We are currently inviting submissions of two varieties:
1. Short data papers contain a concise description of a humanities research object with high reuse potential. These are short (1,000 words) highly structured narratives. A data paper does not replace a traditional research article, but rather complements it.
2. Full length research papers discuss and illustrate methods, challenges, and limitations in humanities research data creation, collection, management, access, processing, or analysis. These are intended to be longer narratives (3,000 - 5,000 words), which give authors the ability to contribute to a broader discussion regarding the creation of research objects or methods.
Humanities subjects of interest to the JOHD include, but are not limited to Art History, Classics, History, Library Science, Linguistics, Literature, Media Studies, Modern Languages, Music and musicology, Philosophy, Religious Studies, etc. Research that crosses one or more of these traditional disciplinary boundaries is highly encouraged. Authors are encouraged to publish their data in recommended repositories<https://openhumanitiesdata.metajnl.com/about/#repo>. More information about the submission process<https://openhumanitiesdata.metajnl.com/about/submissions>, editorial policies<https://openhumanitiesdata.metajnl.com/about/editorialpolicies/> and archiving<https://openhumanitiesdata.metajnl.com/about/> is available on the journal’s web pages.
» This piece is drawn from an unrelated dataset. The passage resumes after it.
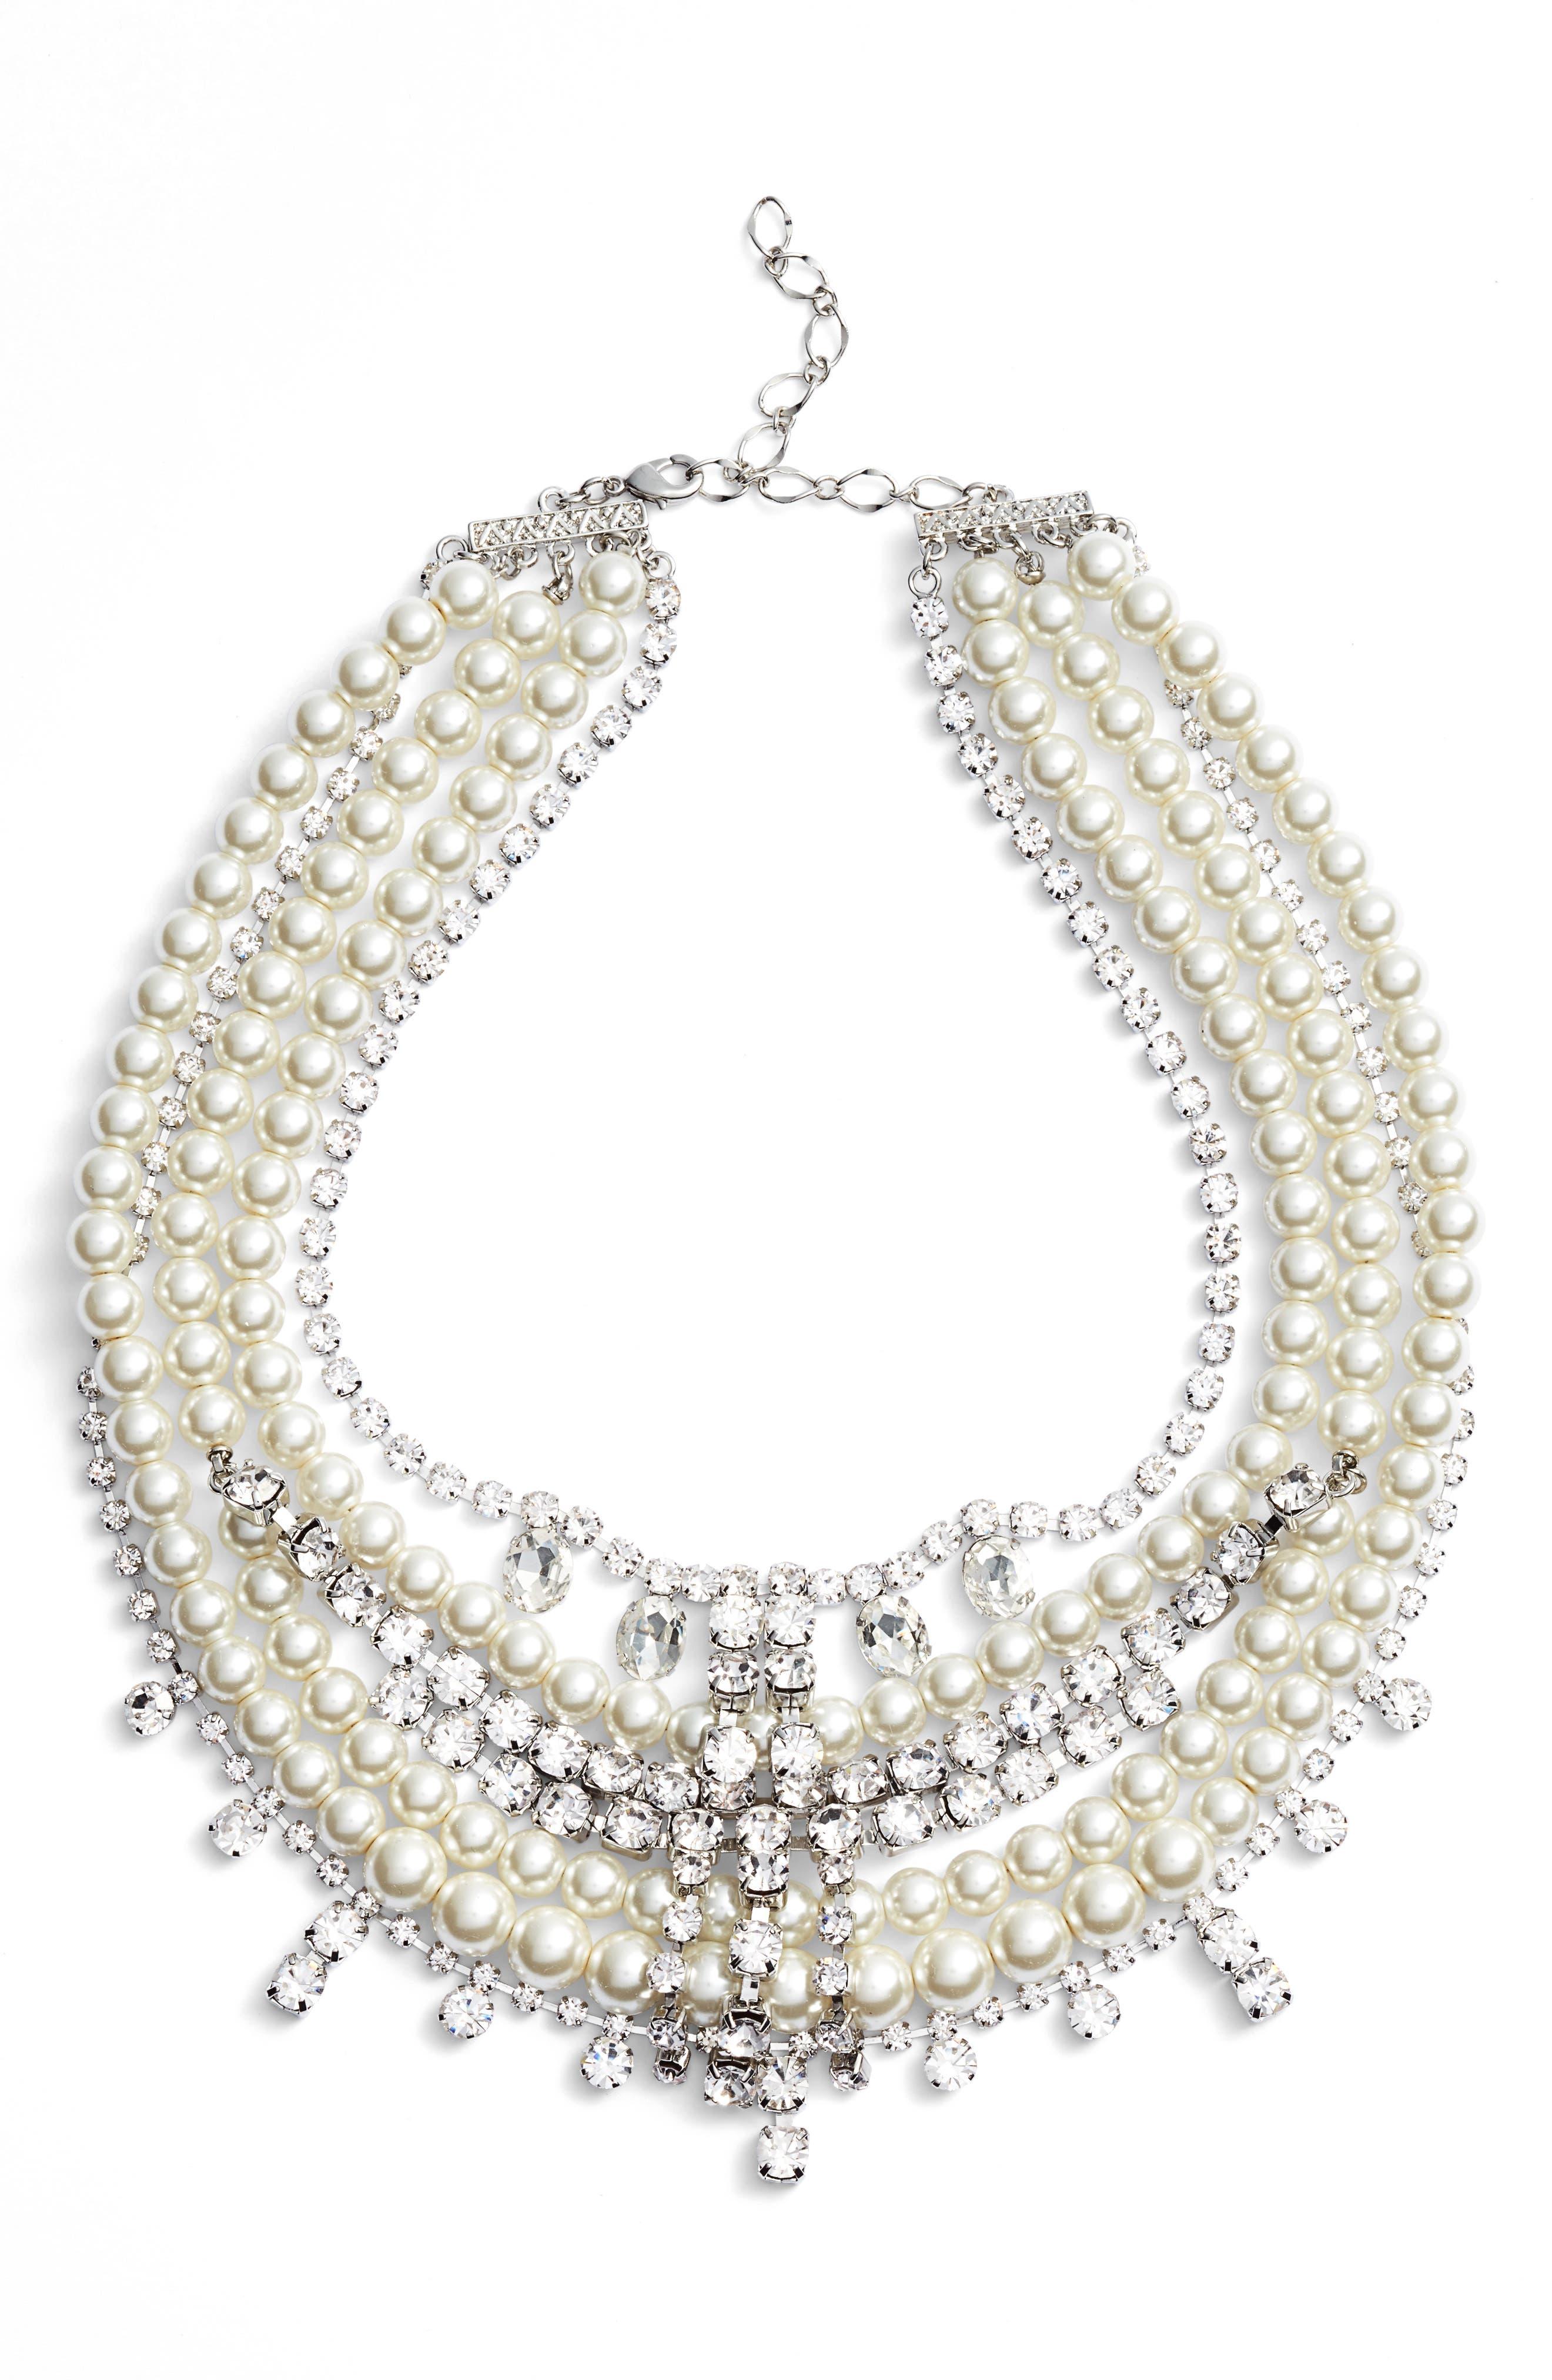 Crystal & Imitation Pearl Multistrand Necklace,                             Main thumbnail 1, color,                             SILVER

Submissions are still open for our special collection, Humanities Data in the Time of COVID-19<https://openhumanitiesdata.metajnl.com/collections/humanities-data-in-the-t…>. This collection includes data papers that span various areas of enquiry about the COVID-19 pandemic through the lens of the Humanities. Data from this period have far-reaching and impactful reuse potential, so we encourage you to share your data by submitting to this growing collection.
JOHD provides immediate open access to its content on the principle that making research freely available to the public supports a greater global exchange of knowledge.
We accept online submissions via our journal website. See Author Guidelines <https://openhumanitiesdata.metajnl.com/about/submissions/> for further information. Alternatively, please contact the editor<https://openhumanitiesdata.metajnl.com/contact/> if you are unsure as to whether your research is suitable for submission to the journal.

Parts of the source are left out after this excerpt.